For Behavioral Health and Community Services Managers

The challenges of 2020 still add a heavy layer of complexity to the already challenging role of managing these essential organizations.  William James College is offering a free resource to managers in community organizations to provide support, reduce isolation, and brainstorm and share strategies for effective management and getting through the current challenges. 

Behavioral health and community services managers are invited to join free, drop-in virtual meetings. Sessions will use the framework of crisis and risk management, and effective, excellent, and ideal management during disruptive times to organize an open, confidential discussion among participants. Sessions are open to managers at any level serving in any mental health or community service organization, including state government human service departments, in New England (MA, RI, NH, CT, ME).
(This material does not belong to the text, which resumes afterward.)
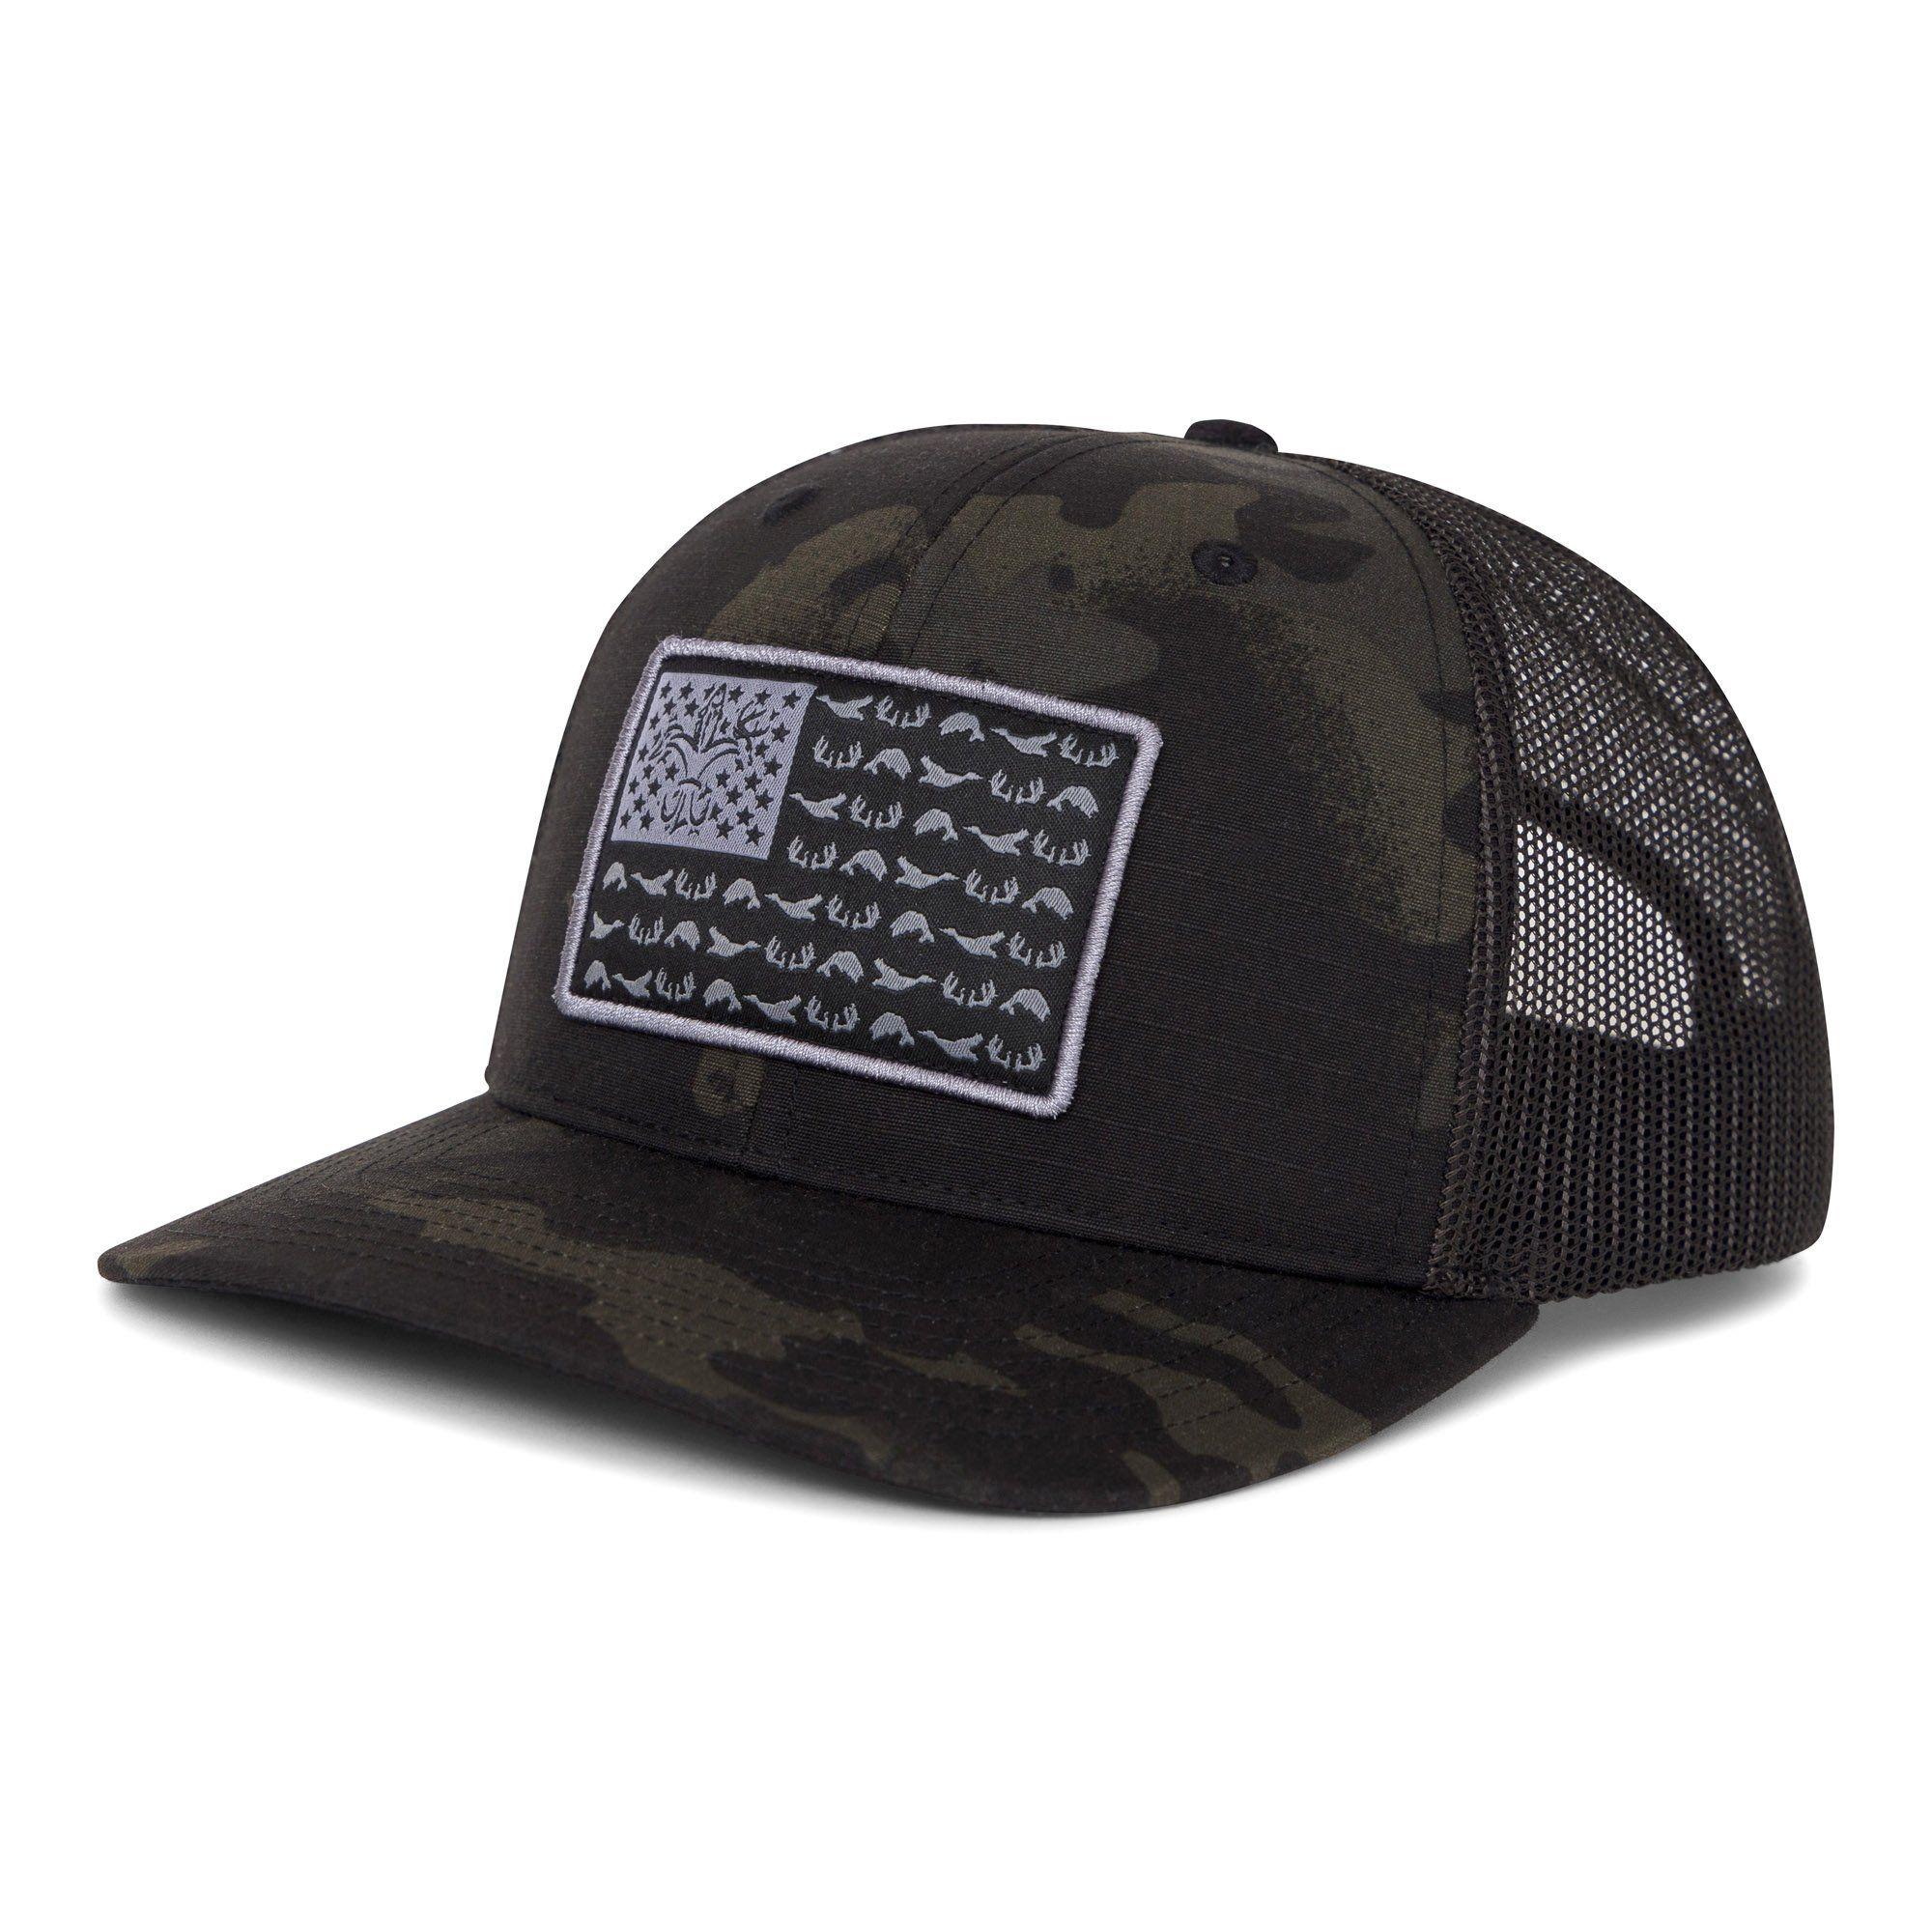 68cca98b6 American Sportsman Mesh Back Hat MultiCam Black / Black in 2019 ...
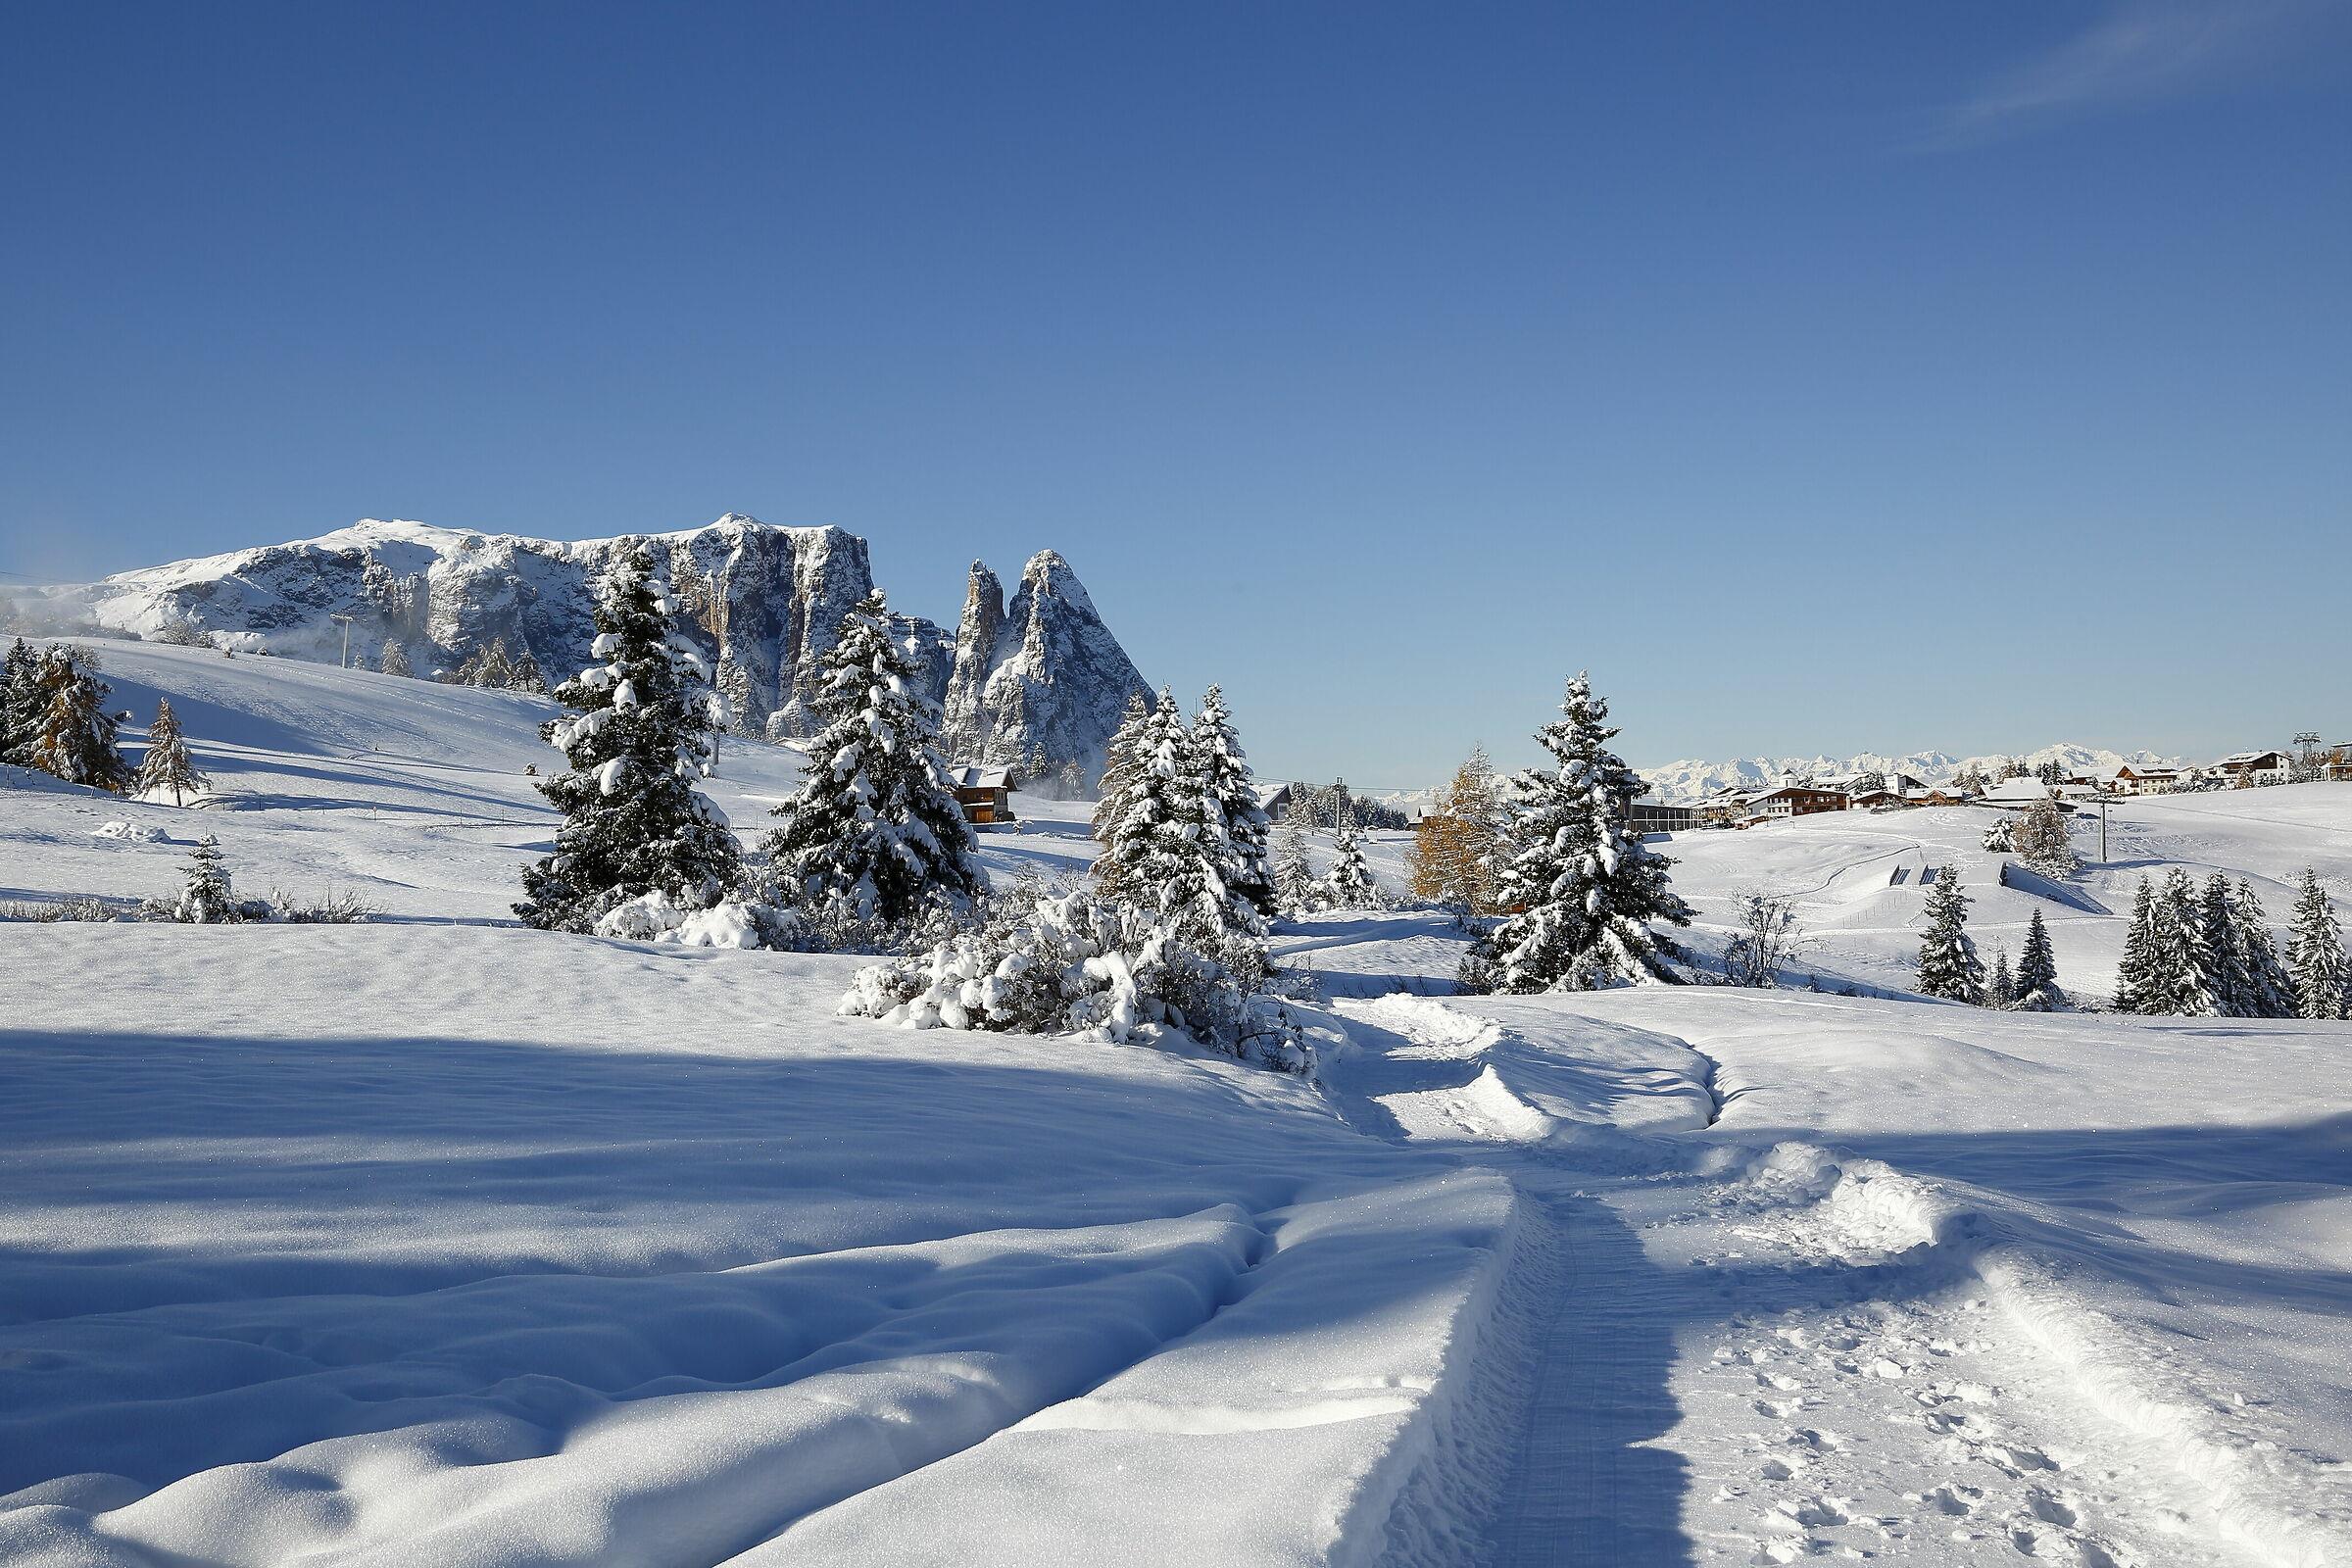 The Sciliar seen from the Alpe di Siusi ...

A group hosted by Drs. Paul Block, associate professor, Leadership and Management in Clinical Psychology at William James College, and Brittainy Charette, senior organizational development specialist at WEX, Inc., for several months explored topics of importance to managers. A list of these topics, and related resources, follows: 

  • How to support staff through the impact of circumstances on their ability to be helpful, as well as their own adjustment
    • Read more on taking care of yourself while taking care of a team from Harvard Business Review, here and the NeuroLeadership Institute, here
    • Here is another great resource on courageously managing through and beyond a crisis, from HBR.
  • Managing from a distance: management techniques beyond individual supervision
    • Learn more from Harvard about managing virtual teams: overcoming common challenges
    • A more general article reviewing leadership styles and their impact on performance beyond the influence of direct contact 
  • Using clients' reactions to the crisis (the "crisis of the week/month/year") to support long term growth
    • Addressed in the attached document (within the context of TF-CBT, but more broadly applicable, and with a lovely quote from another source).
  • Moving from initial adjustment and survival to trying to be effective:
    • Exhaustion, including changes in social patterns resulting from the pandemic (less of the direct signals about helpfulness and feedback we usually get from being with our clients, and decreased engagement from clients).
    • Fears related to productivity and risk for layoffs, 
    • A recent group discussed the lessons and opportunities this shift is creating:
      • Forcing ourselves to stay connected (which in some cases is leading to reports of more connection and interaction)
      • Using the opportunity to experiment with new ways of doing things
      • Instead of focusing on the challenges or changes in how we're doing our roles, thinking about what new possibilities these circumstances make possible.  What can be done differently that will work better under these circumstances:
        • Less obtrusive observation and coaching- "fly on the wall" or virtual coach, like in family therapy when you're watching through a window and sometimes calling in with suggestions;
        • Being available at times that would be important but not usually workable given schedules;
        • Seeing people functioning in their real environments, inc. for home-based therapists without the same degree of impact of our presence. 
      • How, not only does this enable adjustment to continue feeling effective and to make this work, but that there are lessons all will be able to take when we go back to our old routines.